Ich habe im Spiegel-Forum und von Frau Berg schon ausreichend Hasspamphlete gelesen, eine Tatsache, die häufig weniger beklagt, dafür aber - sogar von manchen "Katholiken" - eine angeblich christlich-fundamentalistische Gefahr an die Wand gemalt wird. Es ist schade, dass du dieses Spiel angesichts der weltweiten Christenverfolgung offenbar mit diesem Verweis auf die islamistischen Gewalttaten gegenüber Charlie mitspielst. Daneben gab es auch jüdische Opfer. Die hatten gar NICHTS gemacht, außer grad in einem Supermarkt einzukaufen.
clamormeus - 12. Mrz, 21:35

Es ging da explizit nicht um Wahrheit, sondern um Rache. Auch die Täter haben nichts anderes behauptet.
ElsaLaska - 12. Mrz, 21:55

@clamormeus

Ebend.

Aber ist doch schön, zuzuschauen, wie Kolportage funktioniert.
clamormeus - 12. Mrz, 23:01

Sollen sie halt demnächst noch behaupten, wenn einer schreit "Geld her- oder Leben!" und dann jemand, der sich wehrt, erschießt, es sei ihm um nur um die Wahrheit gegangen, nämlich daß er einen absoluten Anspruch auf das Geld hat, wär genau so schlüssig.
Hauptsache die Phrasendrecher und Papageien können behaupten, jeder, der meint, er habe die Wahrheit, sitzt auf 'ner geladenen Kalaschnikoff oder so ähnlich.
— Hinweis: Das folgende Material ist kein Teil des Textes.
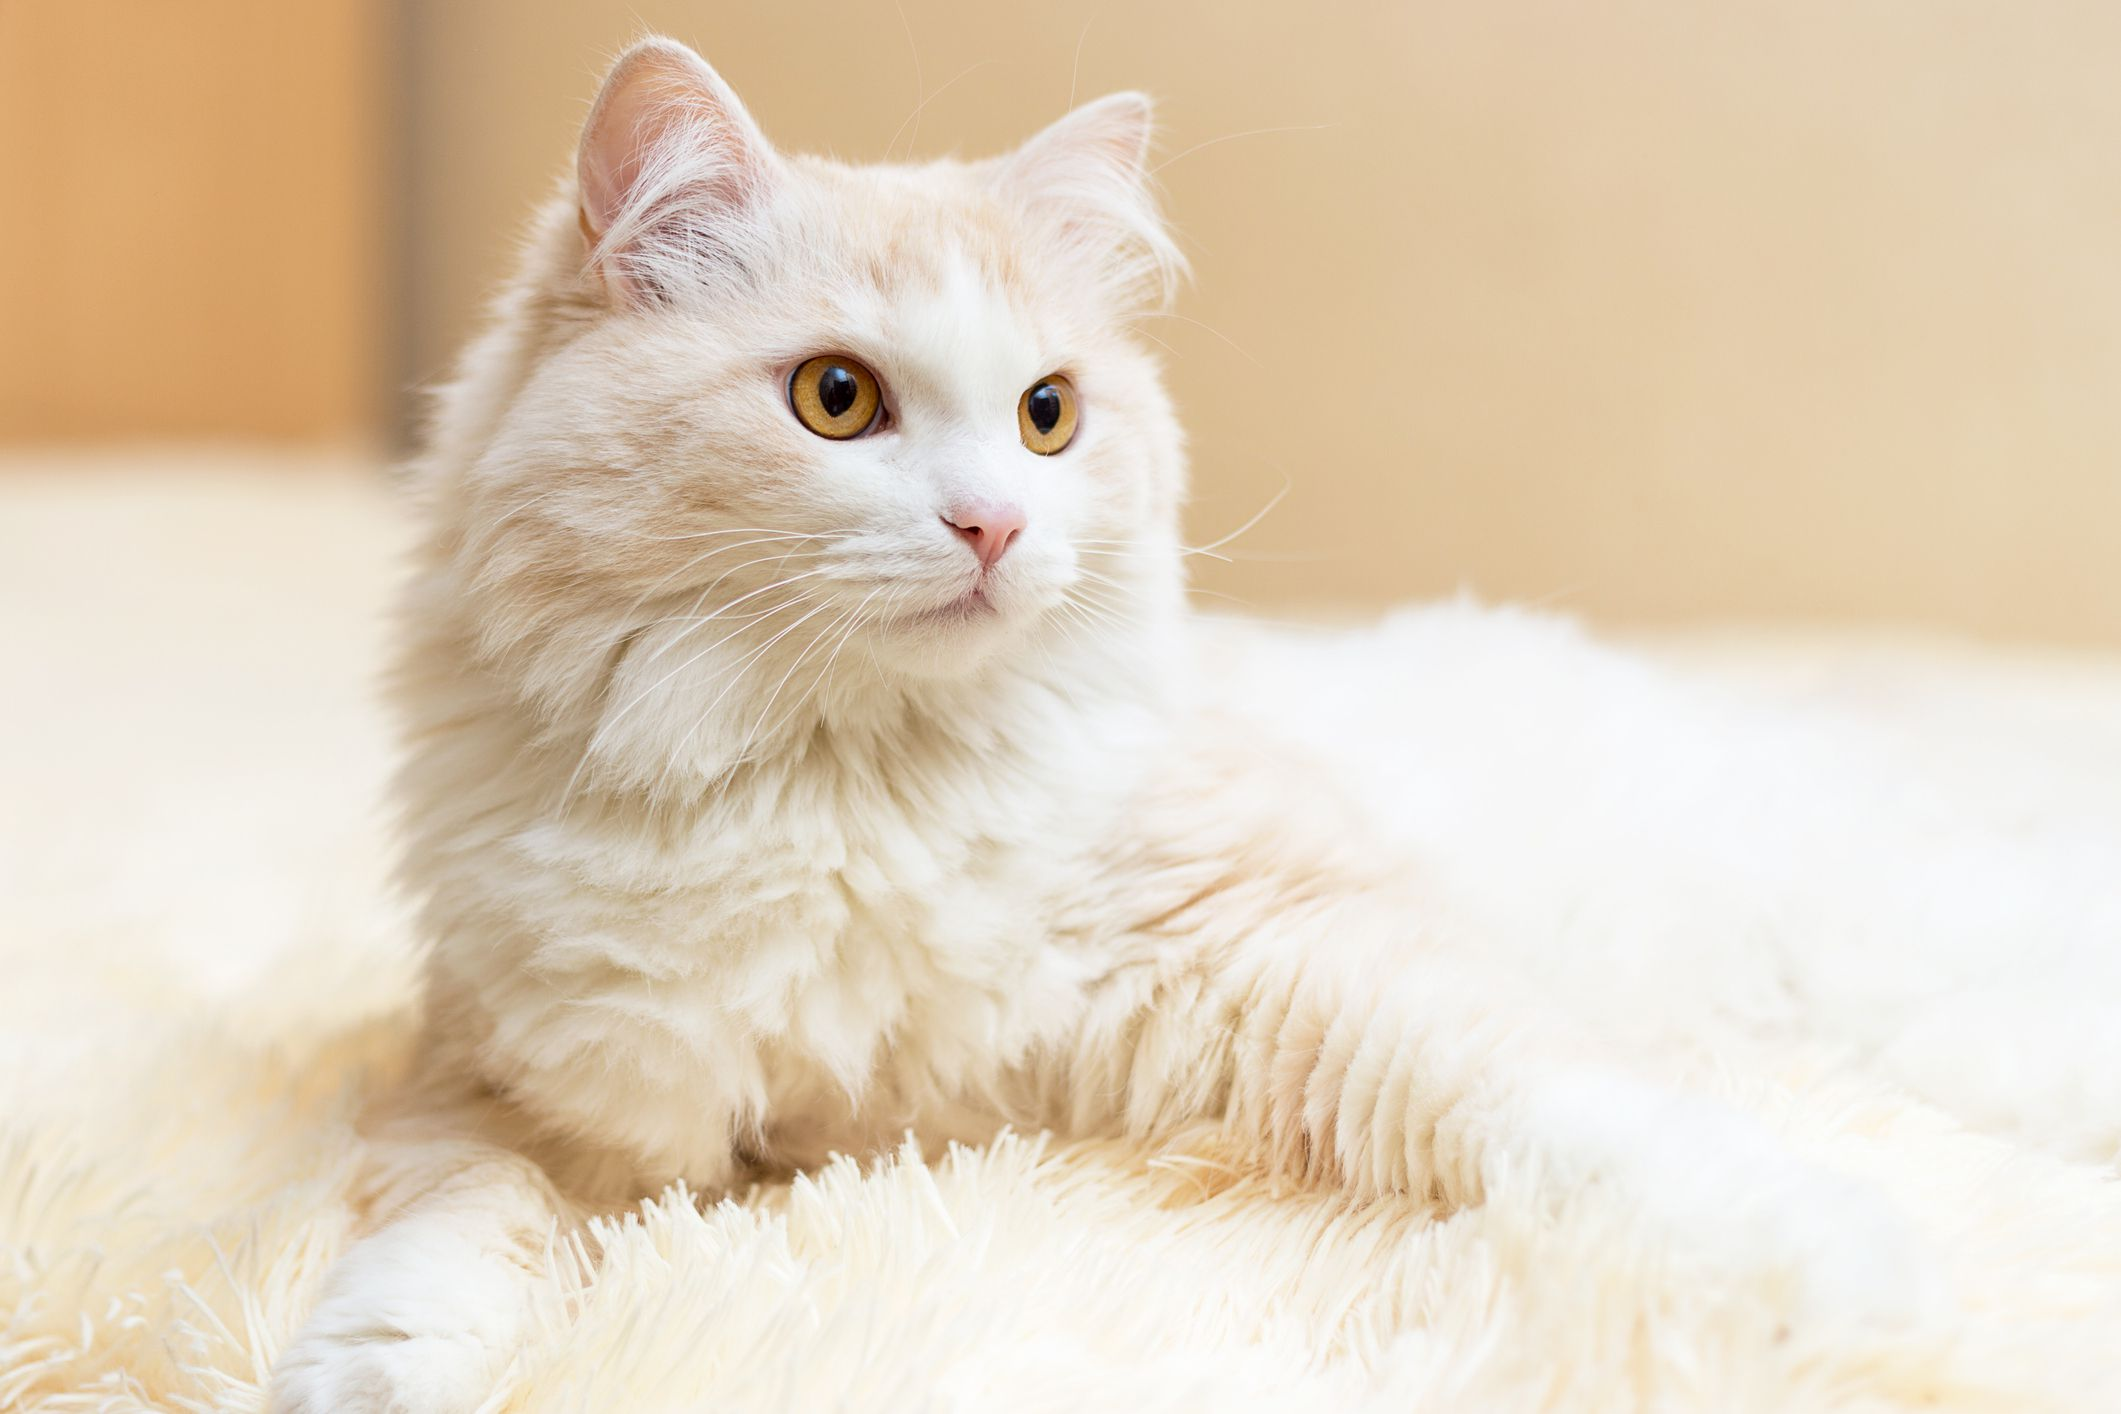 Turkish Angora Cats feature

Wenn ich dem dann sage, Du hast kein Recht dazu, das ist Wahrheit, bin ich genau so wie er, latent oder so. Wenn ich noch keine Knarre habe, kaufe ich sie dann sicher morgen. Weil ich intolerant bin, und seine Orientierung zu Leben und Eigentum dogmatisch ablehne.

Seid wenigstens konsequent in euren Kurzschlüssen.